Inrank flow: Shows how internal linking popularity is spread – Oncrawl’s data
To do so, the first step would be to crawl your website in order to:
- Categorize your pages;
- Extract named entities by pages groups;
- Identify pages with or without named entities to adjust your content;
- Monitor the number of words per groups of pages;
The goal is to define the ideal content metrics to maximize your crawlability.
Then, use named entities in your link anchors, create packages of linked pages according to entity typology. Here is the example of a media site:
Conclusions
Crawling, indexing, ranking and re-ranking are all based on artificial intelligence and machine learning principles.
It is not so intelligent because they need us to validate models. Never forget that they are only algorithms: you have to know and manipulate the metrics they take into account to manipulate them!
- Crawling consumes energy, simplify bots life by paying attention to depth, navigation shortcuts, duplicate and especially load time, weight in the current index mobile first context.
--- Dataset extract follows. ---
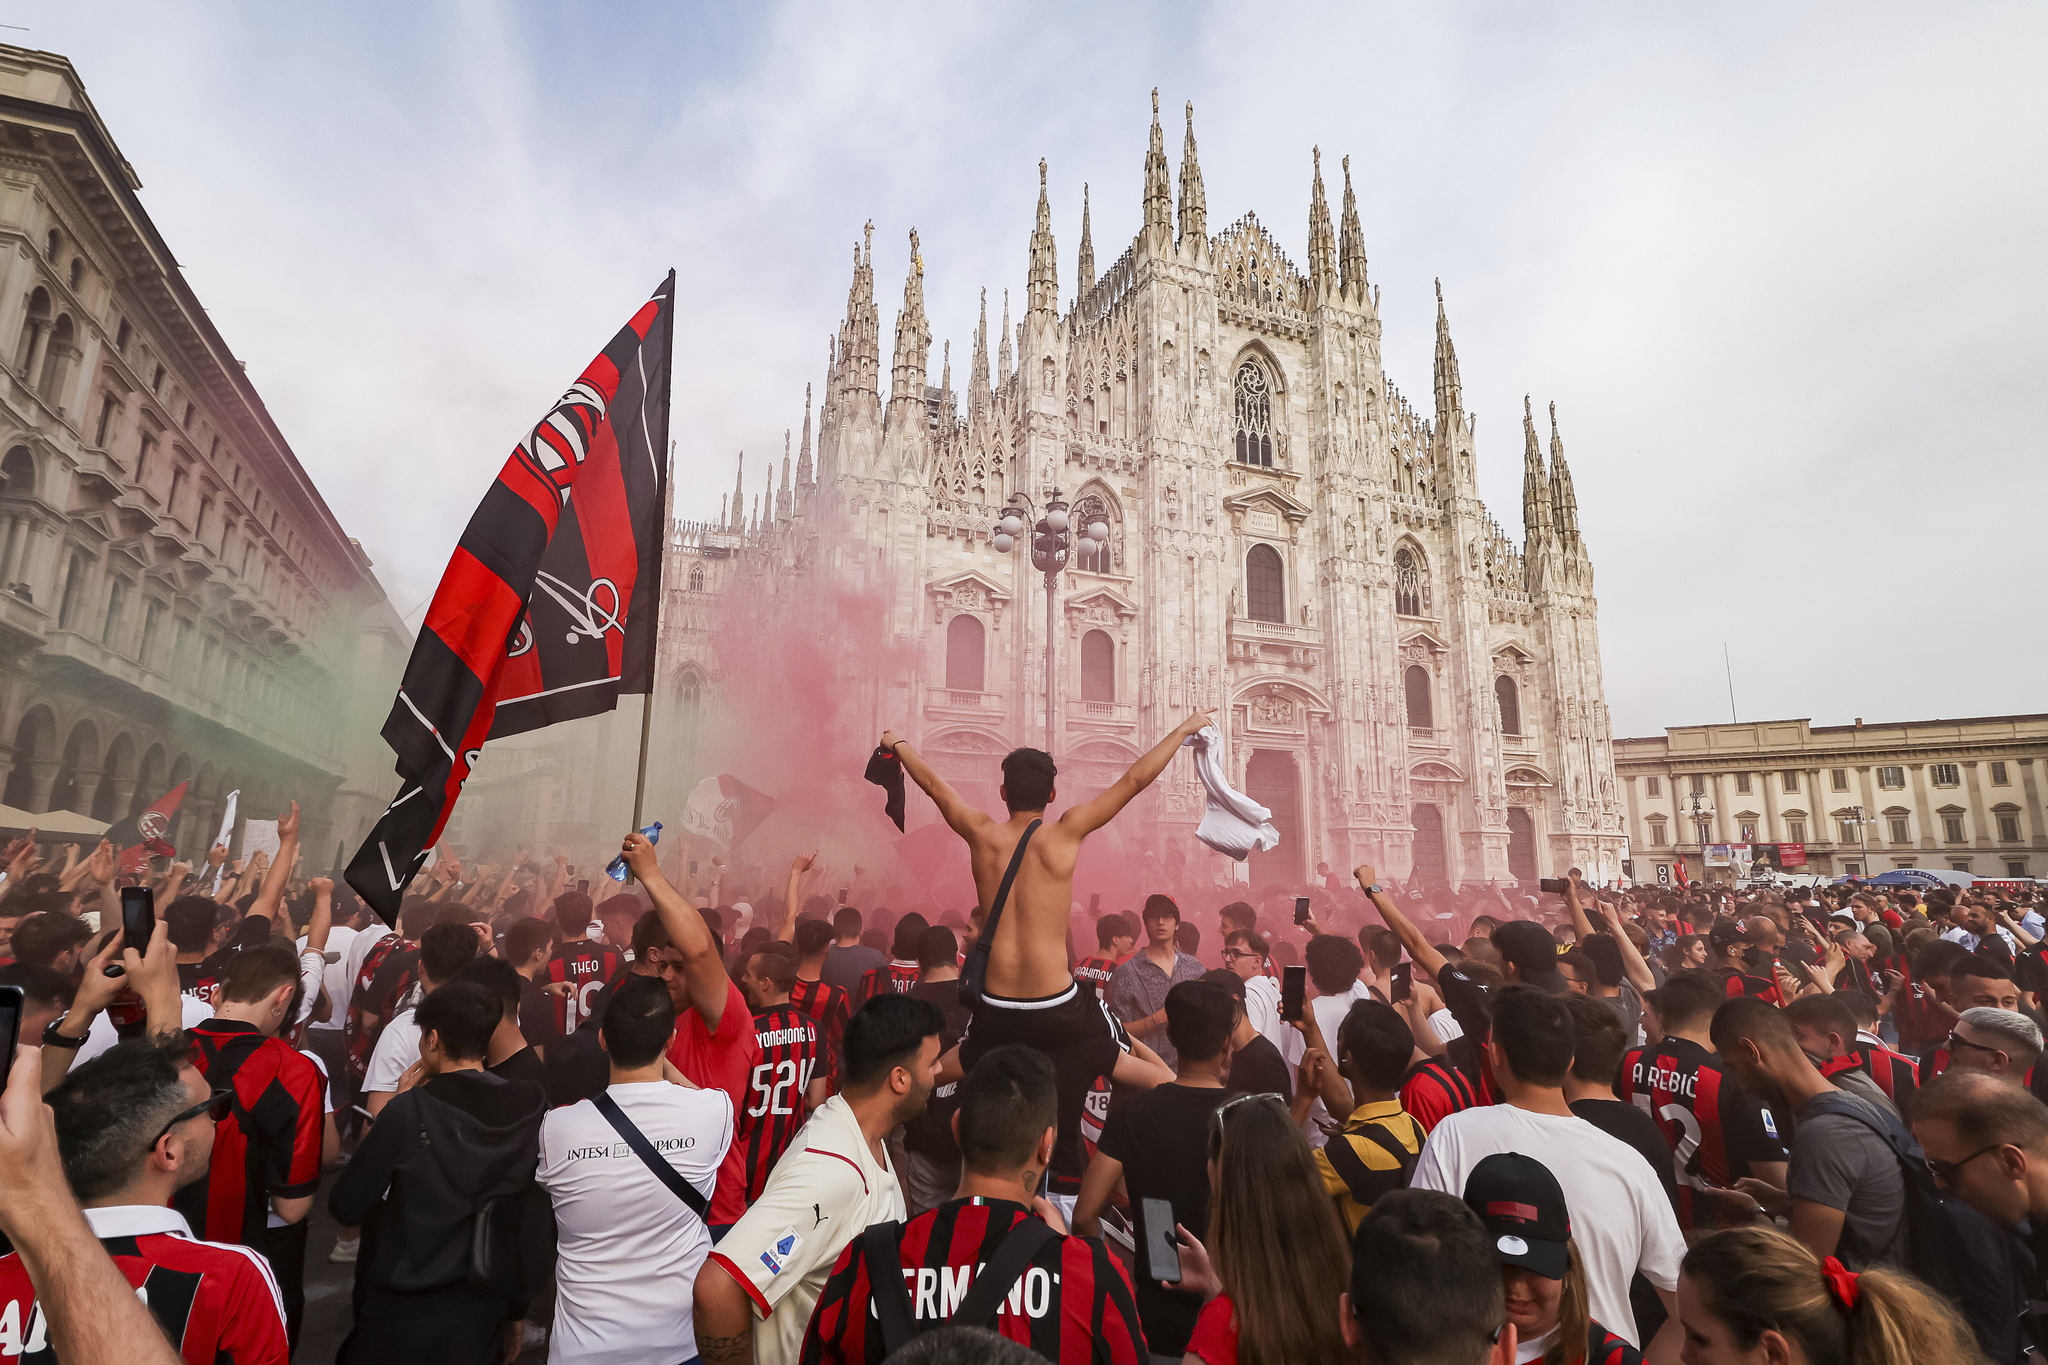 AC  lt;HIT gt;Milan lt;/HIT gt; fans gather in Piazza Duomo square, with the gothic cathedral in the background, during a Serie A soccer match between Sassuolo and AC  lt;HIT gt;Milan lt;/HIT gt;, being played in Reggio Emilia, in  lt;HIT gt;Milan lt;/HIT gt;, Italy, Sunday, May 22, 2022. (Alessandro Bremec/LaPresse via AP)
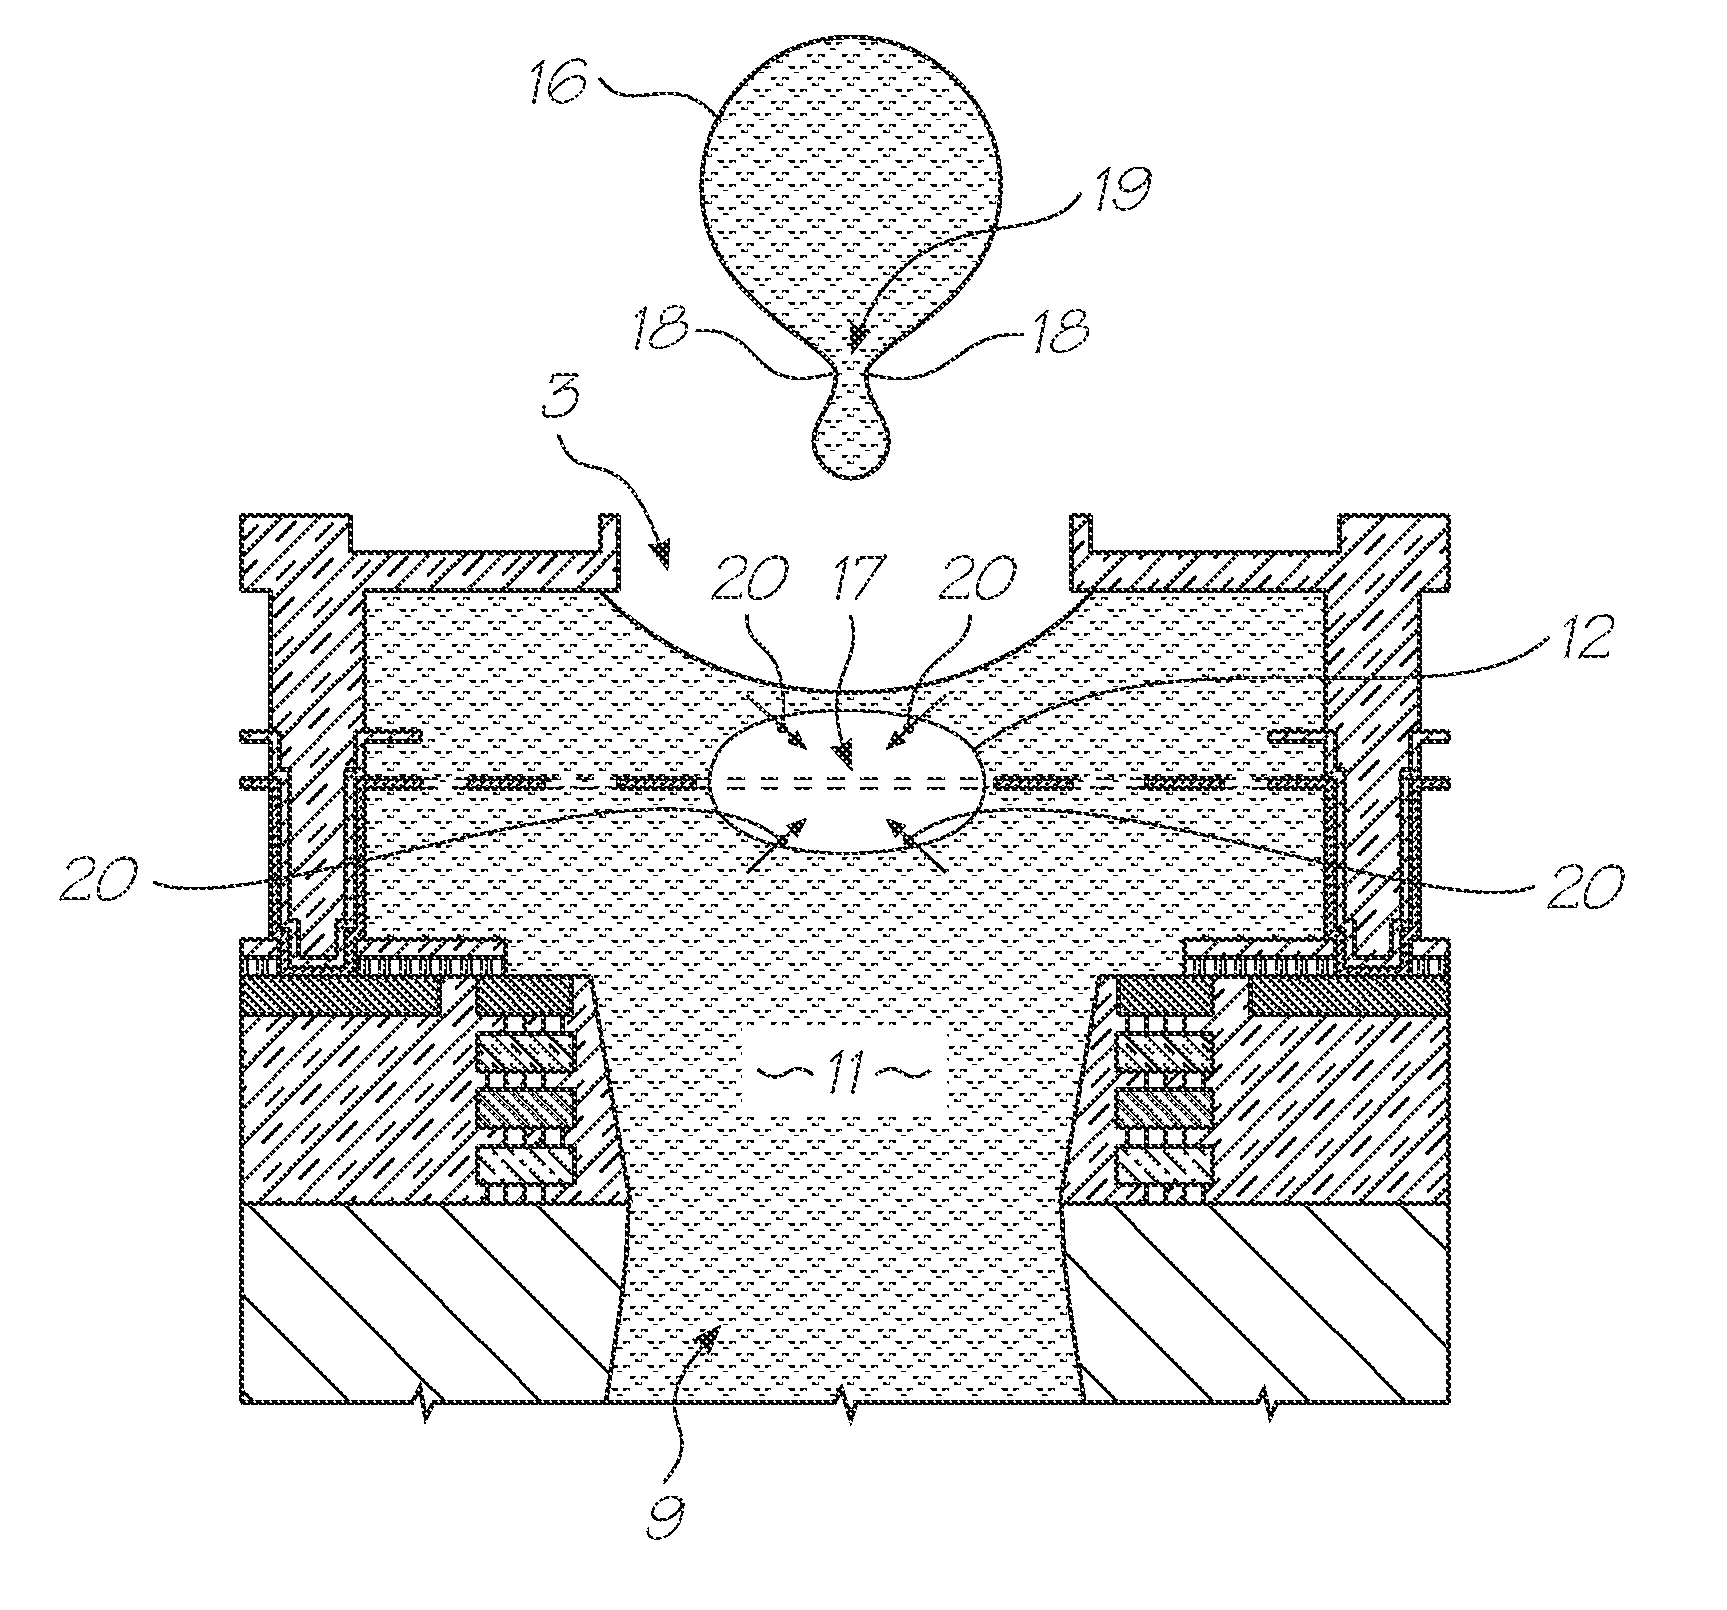 Printhead with increasing drive pulse to counter heater oxide growth

Follow crawl budget with your logs!
- Indexing is based on internal/external metrics content. Moreover, Google is using the Knowledge Graph as a learning base for named entities.
- Ranking refers to the consistency of all these data with user intentions and depends on quality (technical) and relevance (semantic) scores. Also, user’s behavior and intention are taken into account such as his personal background of research and visit.
The key is to make users want to come back to manipulate the CTR and bounce rate! In other words, favorise titles, meta description, content, speed and UX/UI!